[Date Prev][Date Next][Thread Prev][Thread Next][Date Index][Thread Index]
RE: Curious coincidence
penetrating, Jorge. congratulations!!! It is almost certainly not a coincidence, whatever the cause.
Don
On Friday, June 09, 2000 6:38 PM, Jorge Stolfi [SMTP:stolfi@xxxxxxxxxxxxx] wrote:
>
> Hi,
>
> Over the past few weeks I have been counting VMS beans of various
> shapes and colors, extracted from the almost complete, not-so-bad,
> majority-vote transcription in EVA.
>
> I just noticed a curious coincidence:
>
> total *occurrences* of words (tokens) with
>
> 0 gallows .... 17363 (49.4%)
> 1 gallows .... 17443 (49.6%)
> 2 gallows .... 323 (0.9%)
> 3 gallows .... 3
>
> These numbers look more suspicious than the elections in Peru. 8-)
>
> Many (if not all) of the 2- and 3-gallows words are probably due to
> omission of word spaces by the transcribers.

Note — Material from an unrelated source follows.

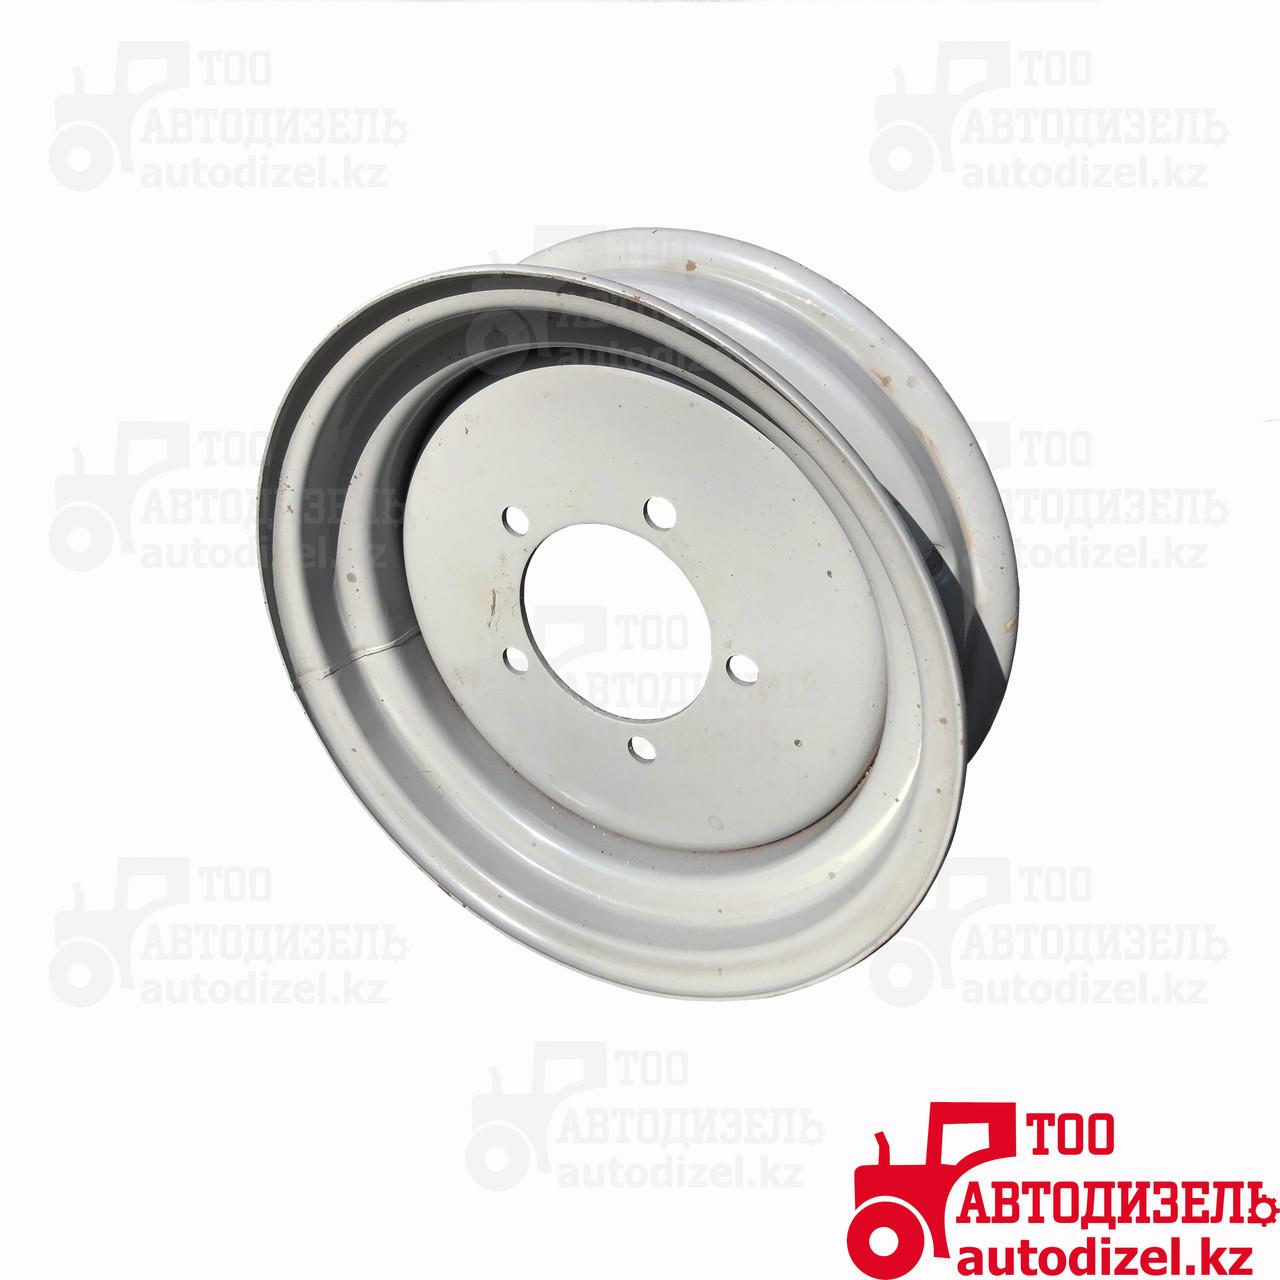 Диск колеса (обод) W 4,5х 16 600- 3101020 -02 СЗС-2,1

Other data errors may
> have injected a few percent of noise in these figures.
>
> Still, the coincidence is intriguing. It seems safe to assume that a
> "correct" Voynichese word can have at most one gallows; so we have
> almost exact 50-50 split between 0-g and 1-g words.
>
> Maybe this is merely an amazing linguistic coincidence. Perhaps the
> presence of gallows indicates an independent binary phonetic
> attribute (say, voiced vs. unvoiced, high/low register, front/back); and
> Voynichese happens to be an extremely efficient language, that makes
> full use of that available bit.
>
> Or could this be something else? Three possibilities that I can
> think of:
>
> * Voynichese "words" are actually keys into a codebook-style cipher,
> encoded in a notation resembling Roman numerals (only more complicated);
>
> * Voynichese is a complex "randomizing" code a la Vigenere,
> where the encrypted numeric text is further scrambled
> with a second, complicated encoding responsible for the peculiar
> word structure;
>
> * Voynichese "words" are generated, at least in part, by throwing
> dice; and the gallows belong to the random part.
>
> In all these scenarios, the presence/absence of gallows would be a
> low-order bit in the encoding. That would explain the precise 50-50
> split ---- in spite of the fact that the VMS word frequencies are as
> irregular as those of any natural language
>
> Comments, anyone?
>
> All the best,
>
> --stolfi
>
> PS. I hope to post a summary of my bean-counting over the
> weekend.